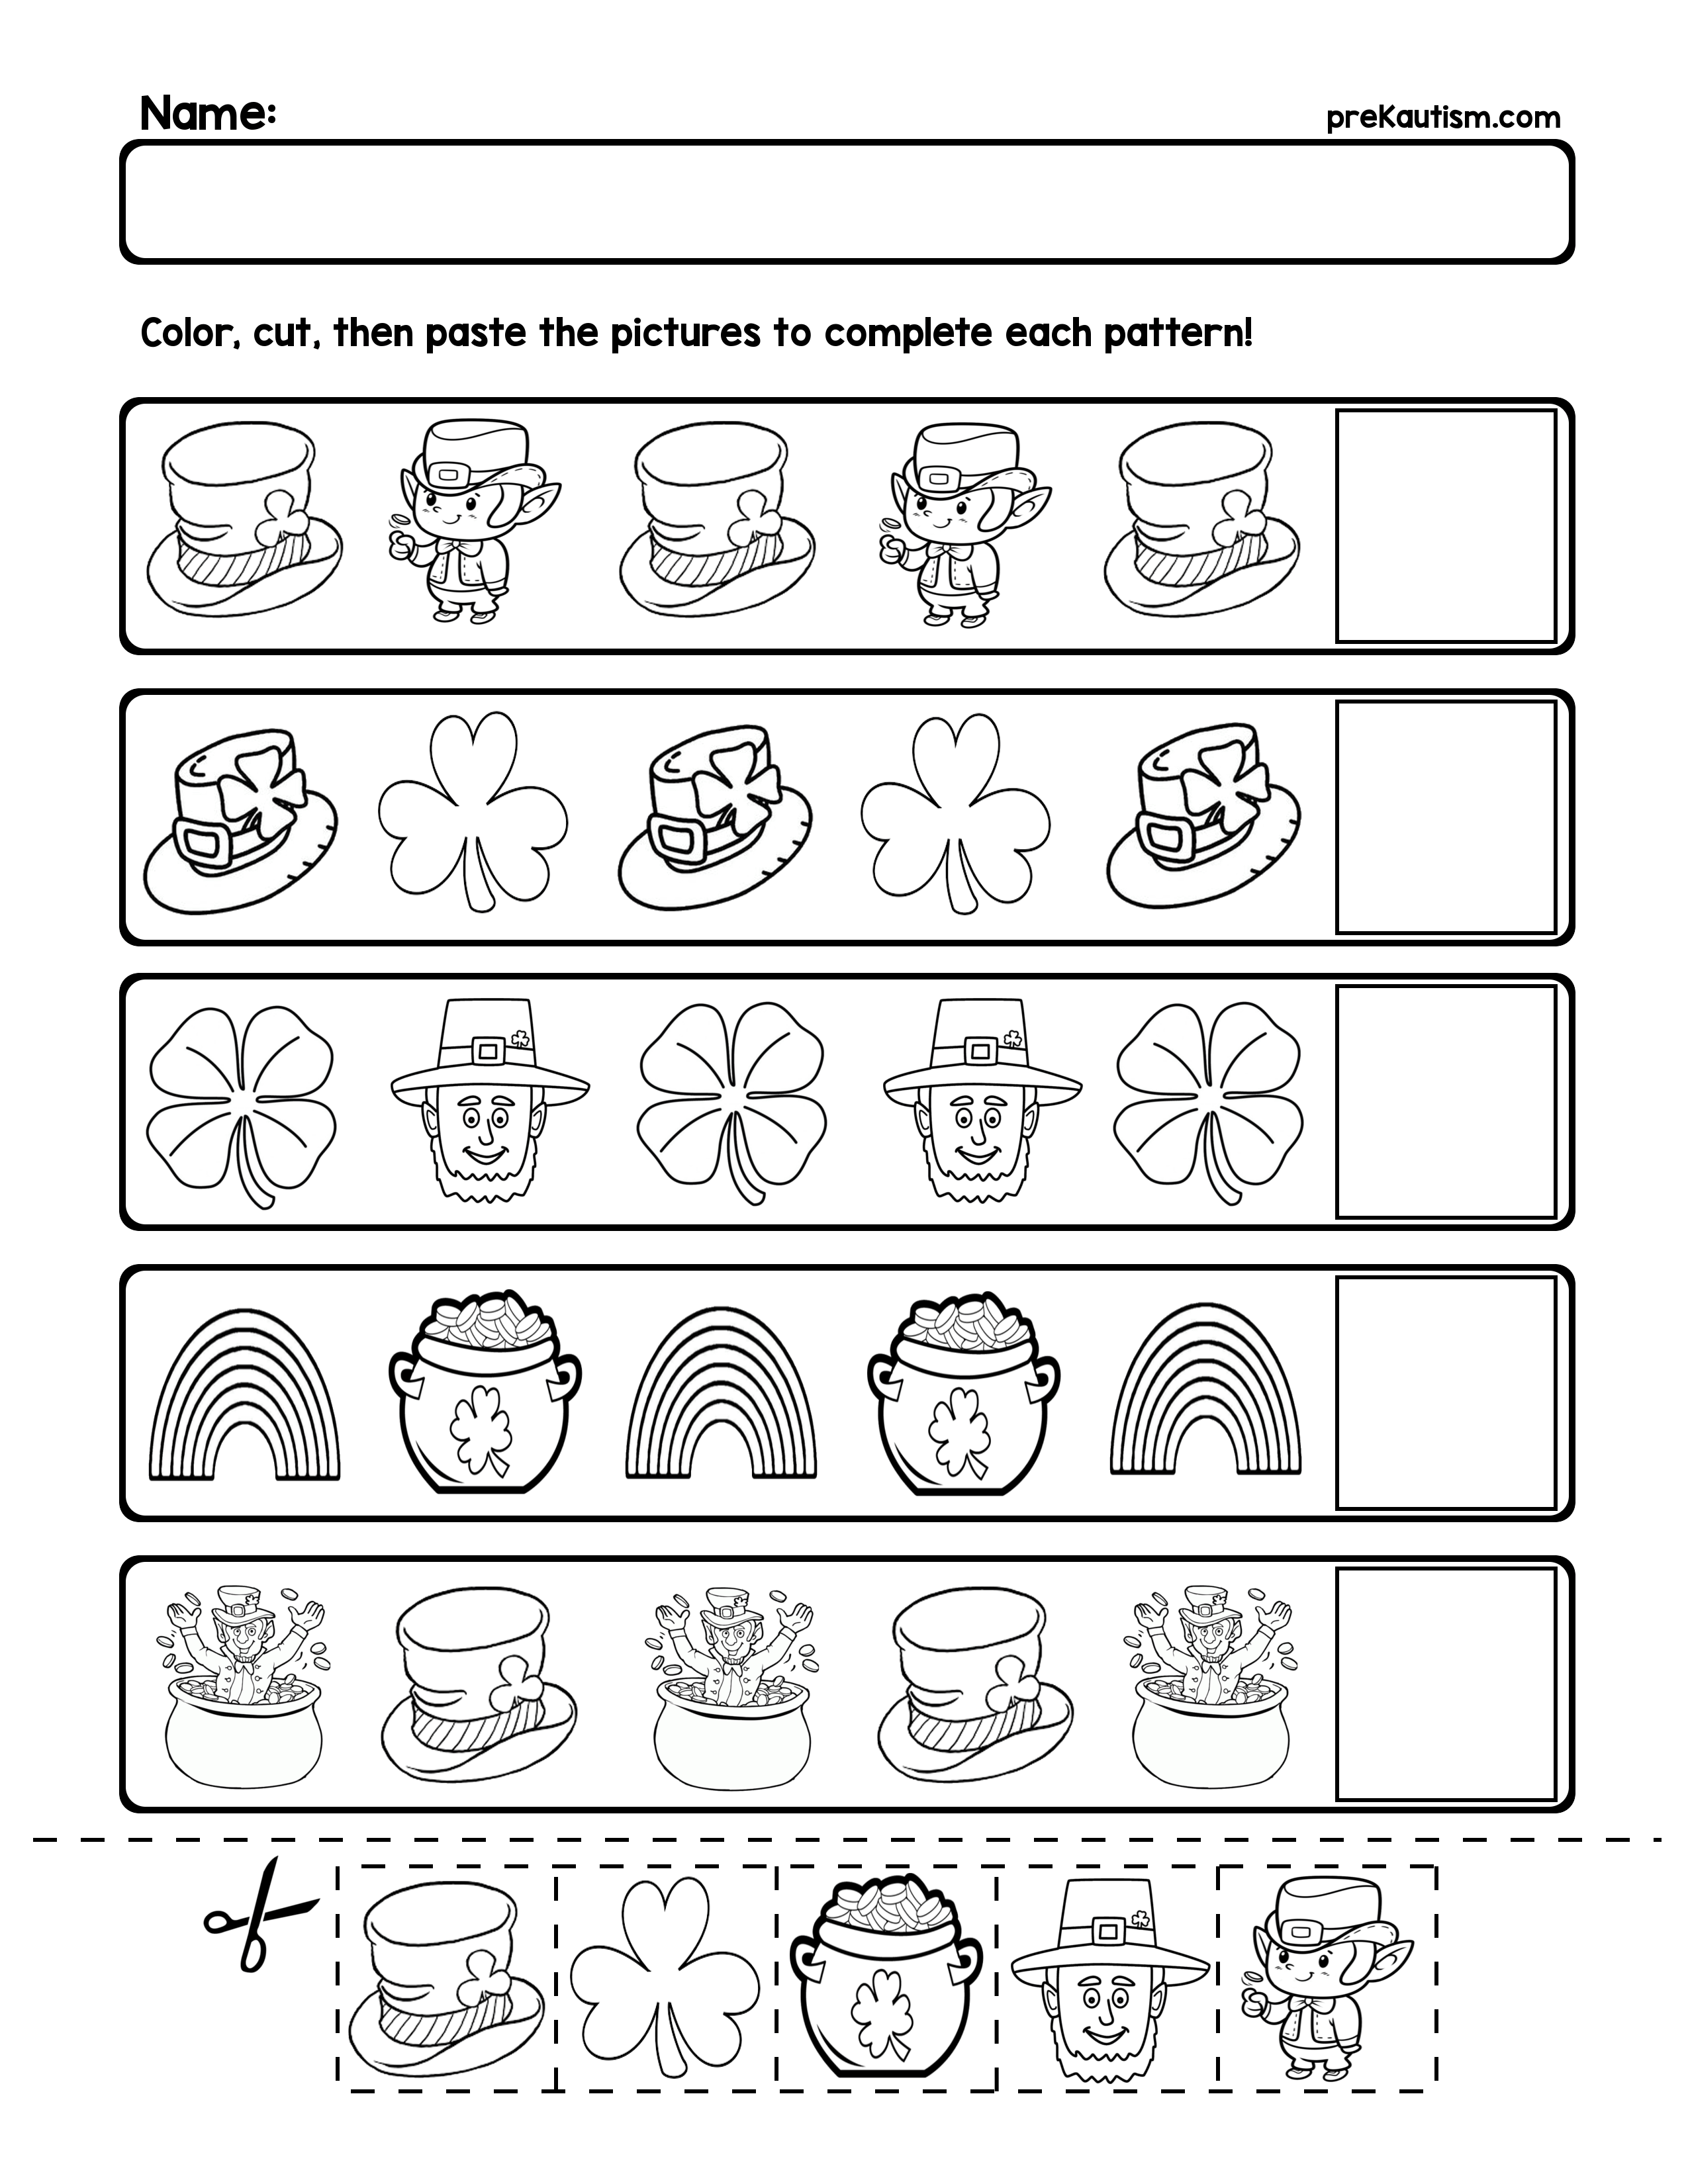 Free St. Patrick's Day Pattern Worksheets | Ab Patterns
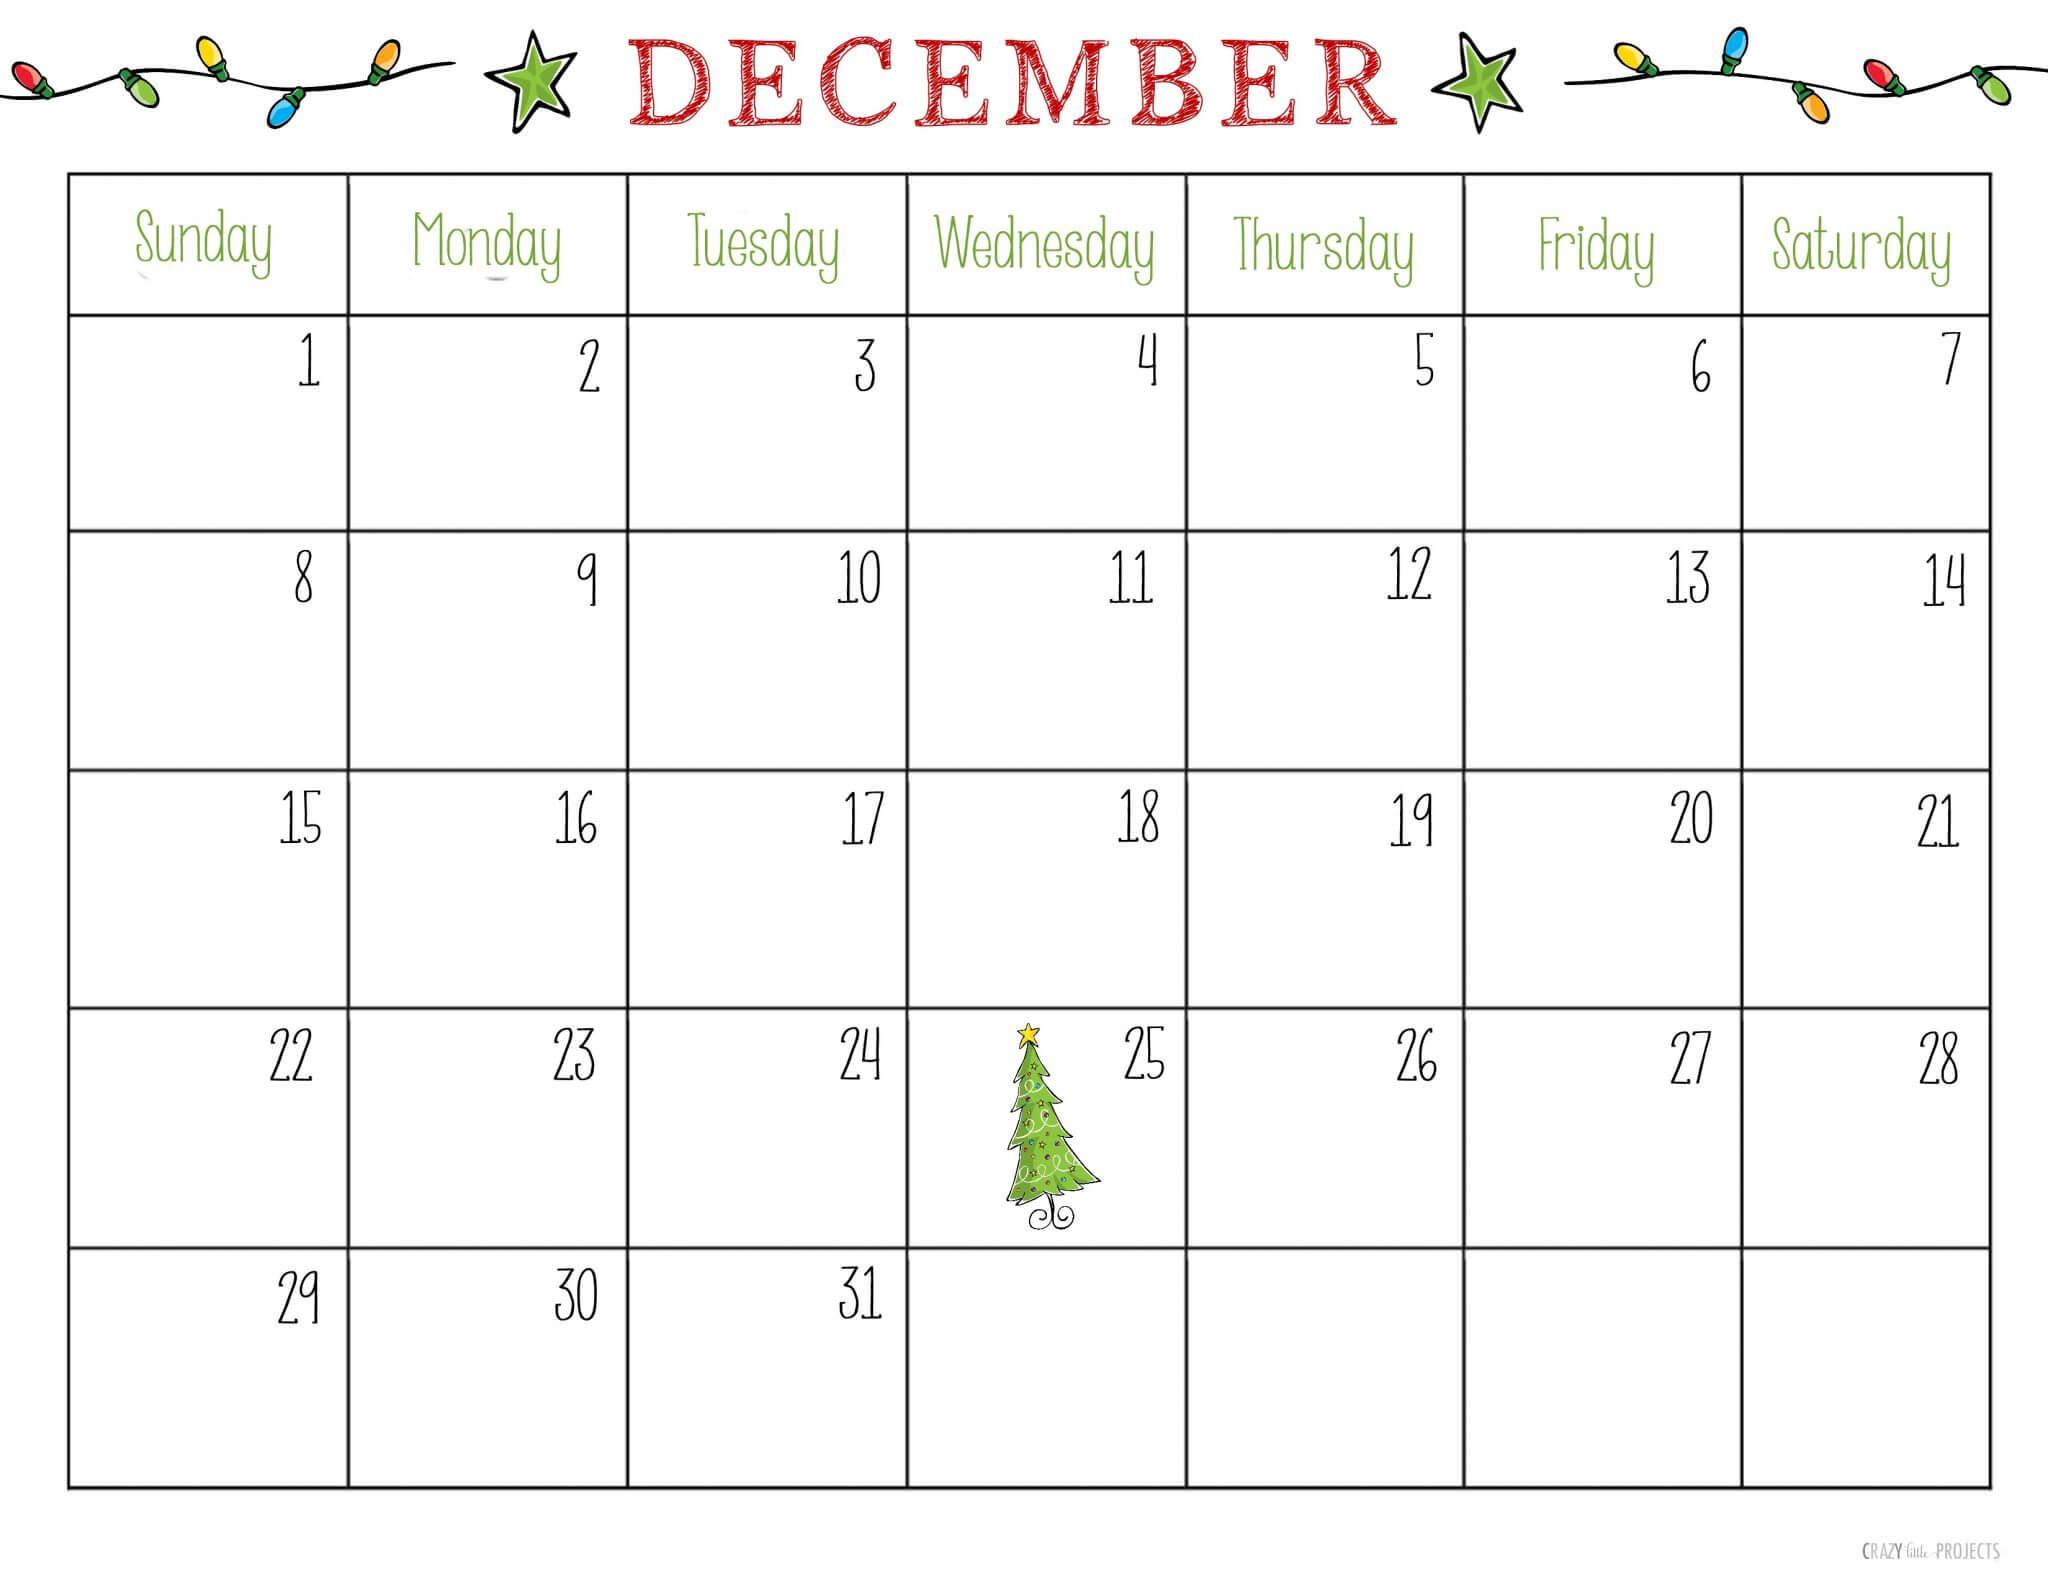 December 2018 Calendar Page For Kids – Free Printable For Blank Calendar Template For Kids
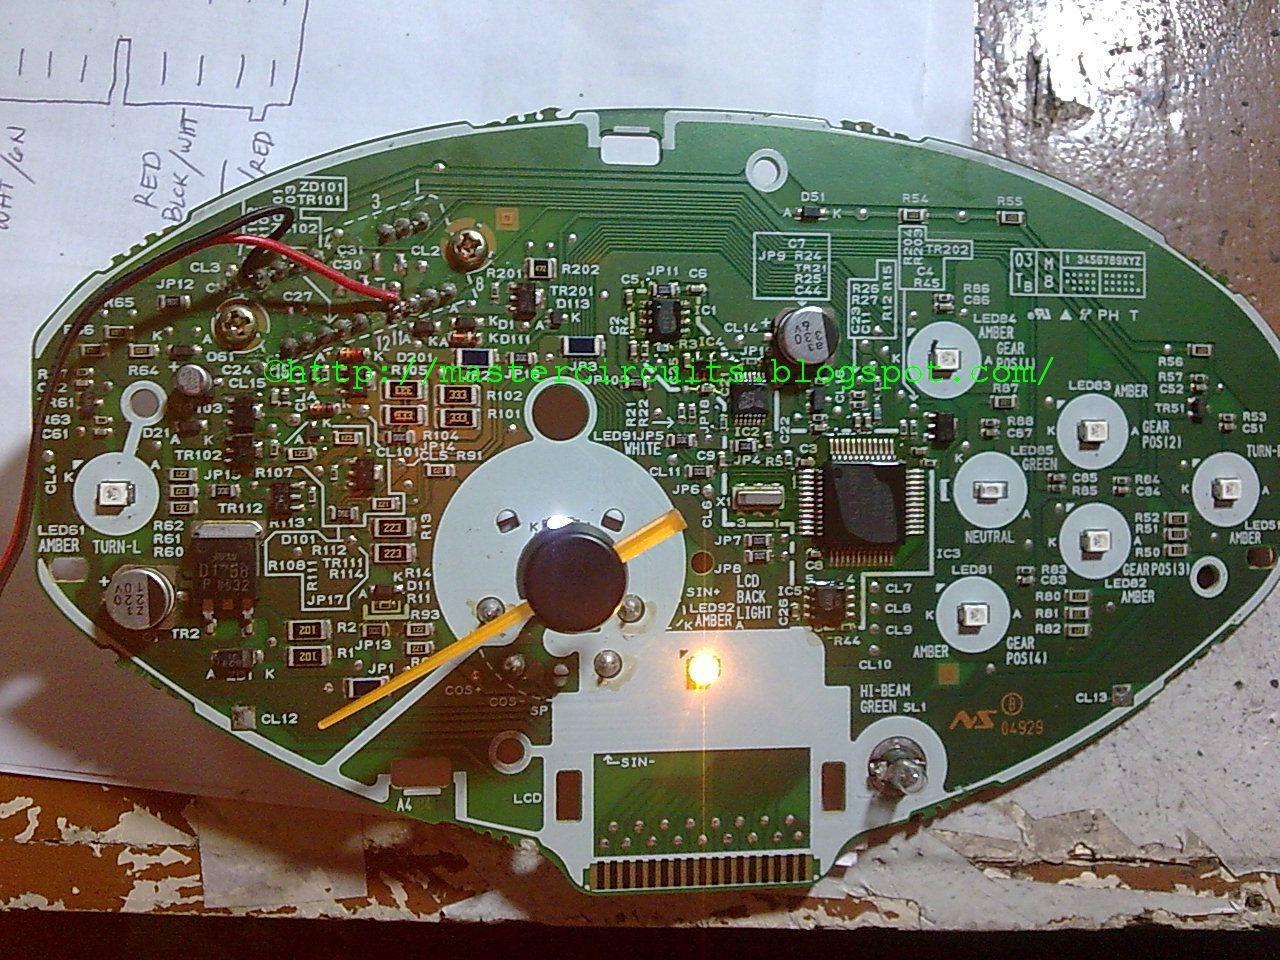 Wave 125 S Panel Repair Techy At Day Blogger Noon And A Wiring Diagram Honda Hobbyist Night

### EXERCISE PROMPT
Your reply should consist solely of the lines from the one containing "December 2018 Calendar" through the last line of the material, reproduced exactly and without pictures.

### FINISHED EXERCISE
 December 2018 Calendar Page For Kids – Free Printable For Blank Calendar Template For Kids
 Wave 125 S Panel Repair Techy At Day Blogger Noon And A Wiring Diagram Honda Hobbyist Night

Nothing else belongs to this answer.